The New York Times Sheds New Light on the Lisa Miller Kidnapping Case

New York Times reporter Erik Eckholm has a big front-page story in Sunday’s paper on a case that readers of RWW are familiar with: the disappearance of Lisa Miller. Eckholm traveled to Nicaragua to talk with the Mennonite communities that have helped harbor Miller and her daughter Isabella on their flight from United States law enforcement and from Isabella’s other legal parent, Miller’s former partner Janet Jenkins of Vermont. Miller, who kidnapped her daughter rather than allow her to have visitation rights with Jenkins, has become a cause celebre among the Religious Right, a supposed victim of anti-Christian persecution.

Eckholm supplies us with an illuminating and creepy anecdote about a family of hamsters left to die in Miller’s abandoned house, and casts some light on the thinking of those who helped harbor Miller in Nicaragua. But there’s one important piece of the puzzle that remains a mystery: did Miller’s attorneys at Liberty University have anything to do with Miller’s disappearance? LU Law School dean Mat Staver tells Eckholm that he was surprised as anyone when Miller disappeared, as he has since it first became known.

But Liberty University’s relationship with Miller has always been a little complicated. Rena Lindevaldsen, an LU Law School dean and Miller’s attorney before she disappeared, has now written a book arguing Miller’s case. And even before Miller kidnapped with Isabella, Lindevaldsen and Staver were teaching Miller’s case as an example of a situation where the demands of “God’s law” trump those of “man’s law.” Religion Dispatches’ Sarah Posner talked with several students who had taken a required class from the two deans and got her hands on a copy of an exam that quizzed students on what to do in Lisa Miller’s situation:

Students at Liberty Law School tell RD that in the required Foundations of Law class in the fall of 2008, taught by Miller’s attorneys Mat Staver and Rena Lindevaldsen, they were repeatedly instructed that when faced with a conflict between “God’s law” and “man’s law,” they should resolve that conflict through “civil disobedience.” One student said, “the idea was when you are confronted with a particular situation, for instance, if you have a court order against you that is in violation of what you see as God’s law, essentially… civil disobedience was the answer.

This student and two others, who all requested anonymity for fear of reprisal by Staver (who is also the law school’s dean), recounted the classroom discussion of civil disobedience, as well as efforts to draw comparisons between choosing “God’s law” over “man’s law” to the American revolution and Martin Luther King, Jr.’s Letter from a Birmingham Jail.
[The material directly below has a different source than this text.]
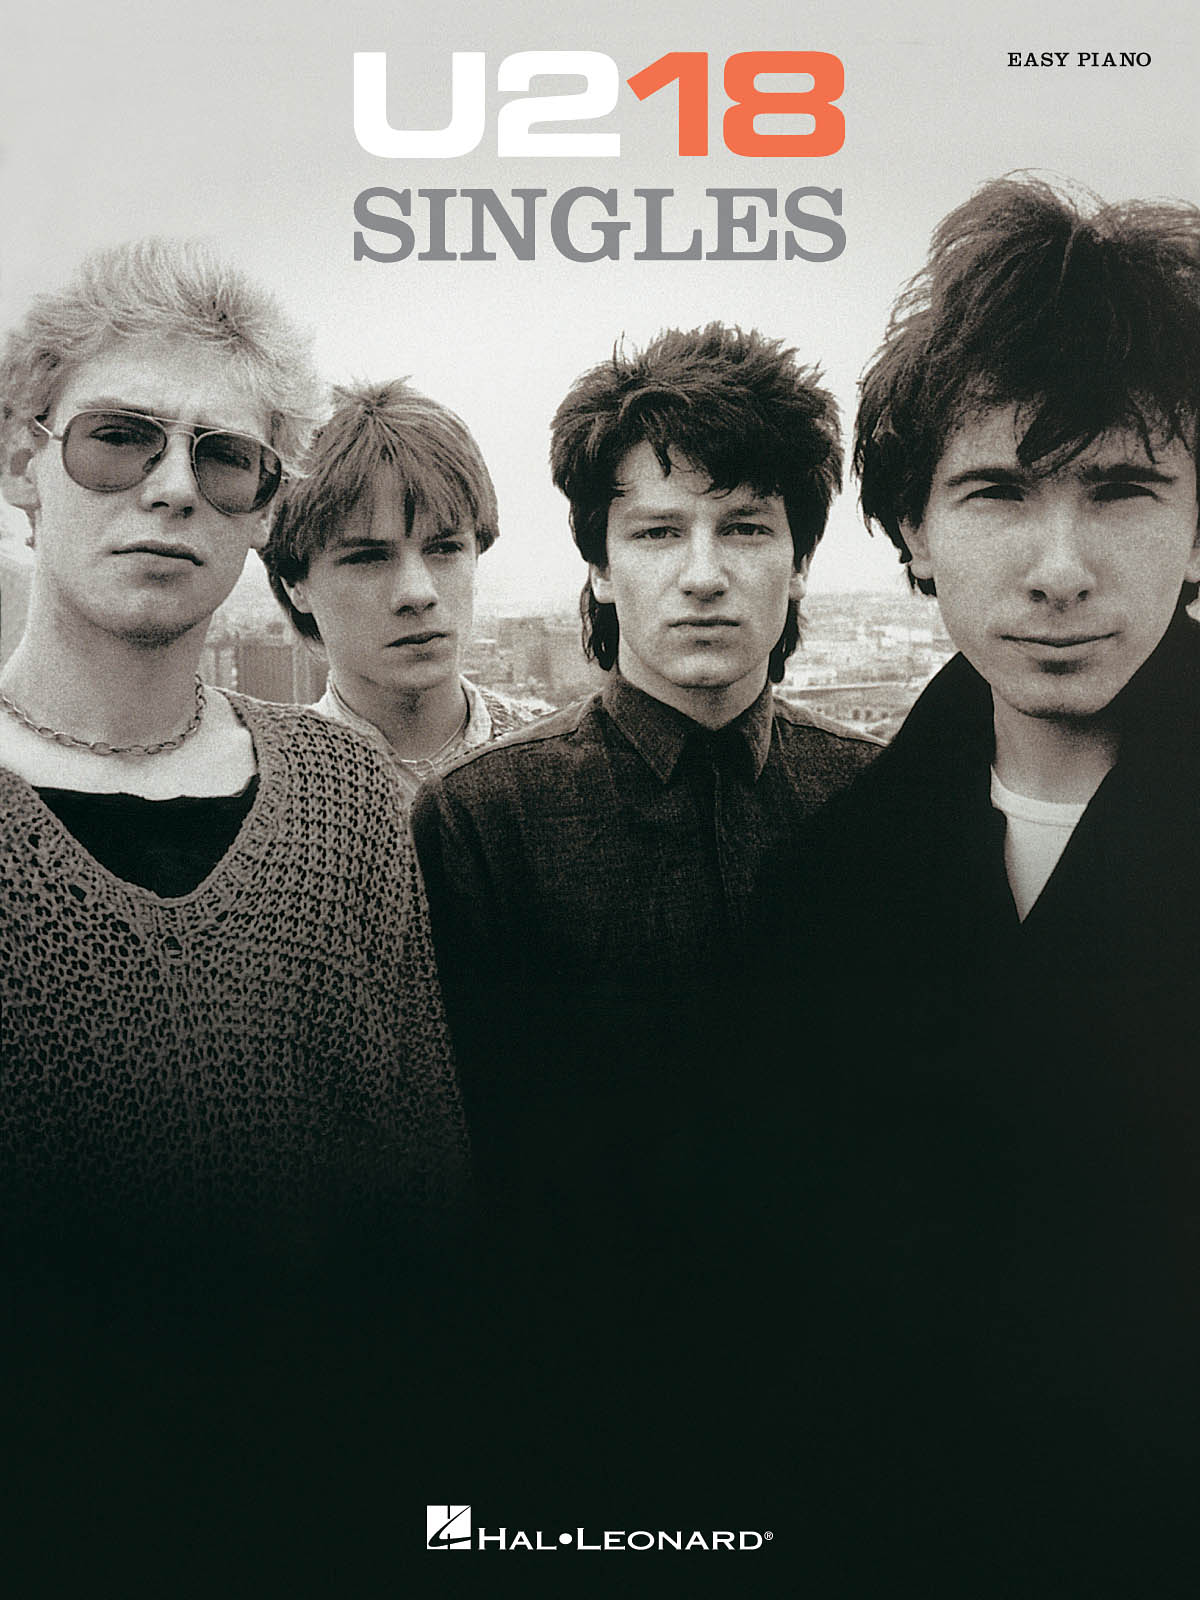 U2: 18 Singles

According to one student, in the Foundations course both Staver and Lindevaldsen “espoused the opinion that in situations where God’s law is in direct contradiction to man’s law, we have an obligation to disobey it.”

That semester’s mid-term exam, obtained by RD [see excerpts of the actual exam here], included a question based on Miller’s case asking students to describe what advice they would give her “as a friend who is a Christian lawyer.” After laying out a slanted history of the protracted legal battle, the exam asked, “Lisa needs your counsel on how to think through her legal situation and how to respond as a Christian to this difficult problem. Relying only on what we have learned thus far in class, how would you counsel Lisa?”
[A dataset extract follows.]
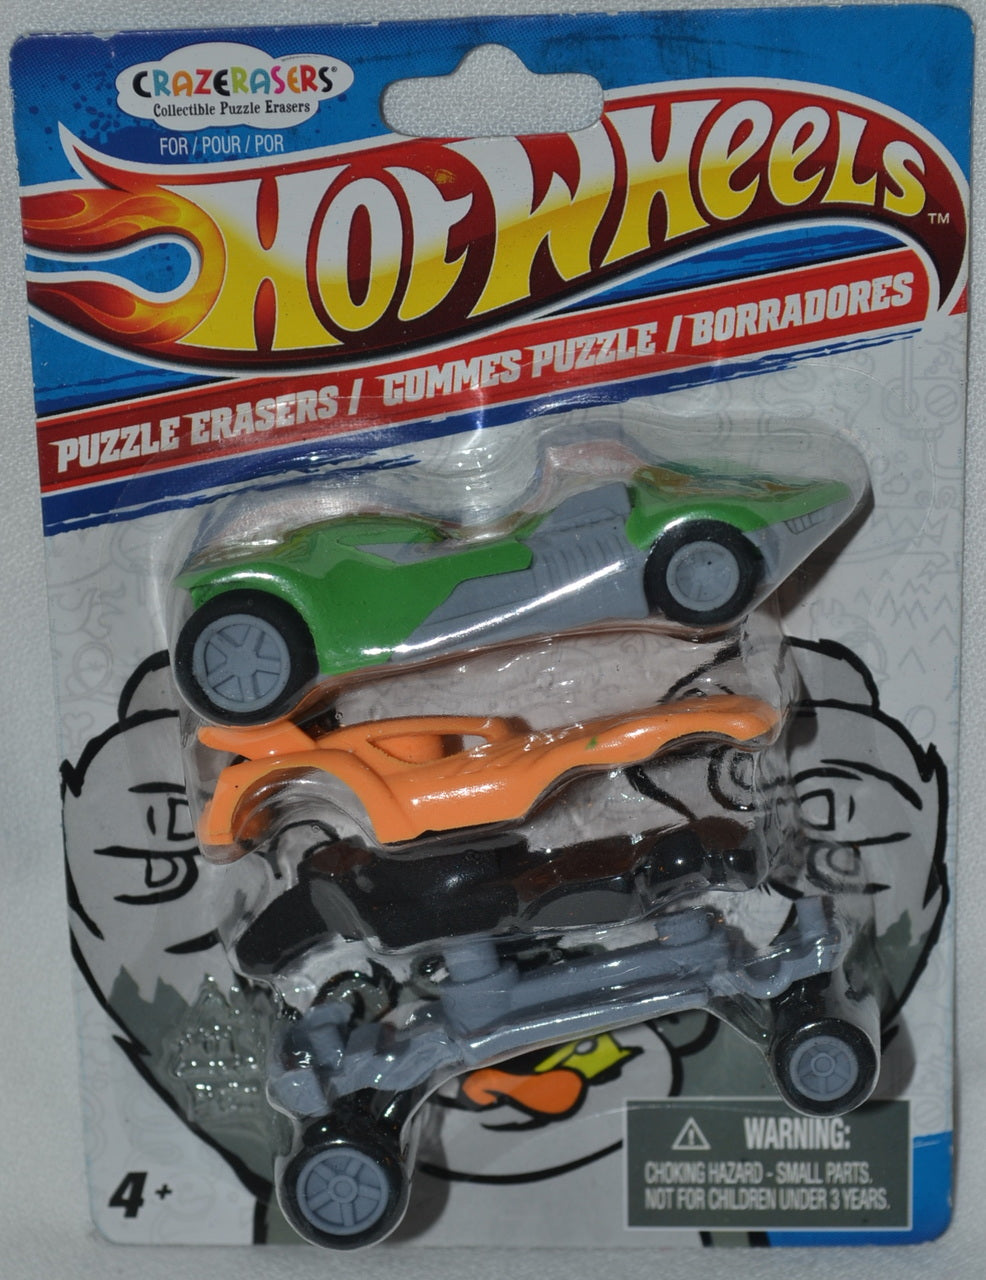 Hot Wheels 2010 Crazerasers Collectible Puzzle Erasers - Green Orange

Students who wrote that Miller should comply with court orders received bad grades while those who wrote she should engage in civil disobedience received an A, the three students said. “People were appalled,” said one of the students, adding, “especially as lawyers to be, who are trained and licensed to practice the law—to disobey that law, that seemed completely counterintuitive to all of us.”

Still, some knew what they needed to “regurgitate,” in order to get a good grade. “It was obvious by the substance of the class during the semester the answer that they wanted,” said one of the students. “The majority of people that I am acquainted with who did get As wrote that because that was expected of them.”

One of the students who got an A said, “I told them she needed to engage in civil disobedience and seriously consider leaving the country,” adding, “I knew what I needed to write.”

Given what was expected of them on the exam, and the tenor of the class, there is “not a lot of shock among the students about the current developments,” said one of the students, referring to the revelation that Miller is in hiding in Nicaragua. “Everybody semi-suspected that Liberty Counsel had something to do with her disappearance.”

Of course, we have no way of knowing what Liberty Counsel knew and when they knew it. But Posner’s reporting shows that it’s certainly worth looking into.